This is a surfer.
He's riding the biggest wave he can. He's beating the odds. He's out on a limb, and the only way home is to tame this monster and ride it back to shore. Swordplay ain't so different. Don't laught, it is
. At least the swordplay I prefer to indulge in is - it has to be a little scary or it just ain't worth it. Furthermore, even the biggest of waves isn't trying
to beat you. I am, and I suppose when sparring that makes us both the surfer and the wave.
I often look to surfing for inspiration to understand what people get out of the things that they do. Surfing is really rather popular, has a strongly defined culture all of it's own and seems to consume those that indulge in it. Why? If I could understand why then perhaps I could understand my own obsession to only think of swordplay day and night.
Surfing is always described in terms of the surfing. Heroically riding the biggest wave one dares, facing possible death or maiming to gain the exhiliration of beating the odds with only one's board and one's skill. Surfing is always described with reference to the surfing. A romantic ideal carefully edited to include only that moment of freedom.
But what about the waiting? The not
surfing? If I understand surfing correctly the majority of the time is spent waiting for that wave. Of course, you and I don't actually see
the waiting. This would make for a rather boring spectacle. But it's there and it must be as fulfulling as the surfing to attact those that indulge. Or perhaps at least, all the waiting must make that moment of surfing all the more vivid.
So, what are they doing during all this waiting? A surfer
once said he loved to surf off the coast of his home town because from far out to sea he could see where his life took place in one grand eyefull. It seems that from such a distance he could gain some perspective, like an astronaut in orbit he could grasp his whole world between finger and thumb. And a thought occured whilst I listened. Whilst out there on the sea when do such thoughts come to a surfer - where they are crashing towards home on the crest of a wave, or do they come slowly, in the waiting? I suspect the latter.

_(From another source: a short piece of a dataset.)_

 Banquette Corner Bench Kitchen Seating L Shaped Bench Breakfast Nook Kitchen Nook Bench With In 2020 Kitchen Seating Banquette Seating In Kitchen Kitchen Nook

Where am I going with all this? Well, what about the not
swordfighting? What is swordplay all about between those few moments when one indulges in the pleasure of a real live opponent. It occured to me that my swordplay was also all waiting. Waiting for the next bout. Waiting for the next opponent. Waiting for the next victim. And while waiting, training. Is there anything in my training, my
waiting, that holds for me some of the pleasures of the fight? Is there anything in the solitude of driling that I find in the solitude of the fight inside my fencing mask?
I suppose it depends. It depends upon the drill. For most of my solo training is drilling, drilling drilling formal repertoire. Constraining one's movements to those that I am worst at, to those that I must improve. To confine oneself to the straightjacket of technique until one gets it right. This does not feel like bouting. For in bouting any premeditation is made on the spur of the moment. Forward planning is spontenous. If you've trained well it's your body that makes all the decisions whilst you are only along for the ride. Formal drilling feels nothing like this to me.
So I changed the drill. I assaulted a tree. At nice steady pace, but allowing my body to choose the repertoire, allowing the momentum of the weapon to lead me into the next posta and on into the next assault. An unpressured flow not through all the repertoire I know, but through all the repertoire I favour. You drive
cattle whilst you ride
a horse. This was not fighting, but to my surprise part of this felt like fighting, and it felt good.
Something to do for its own sake inbetween waves.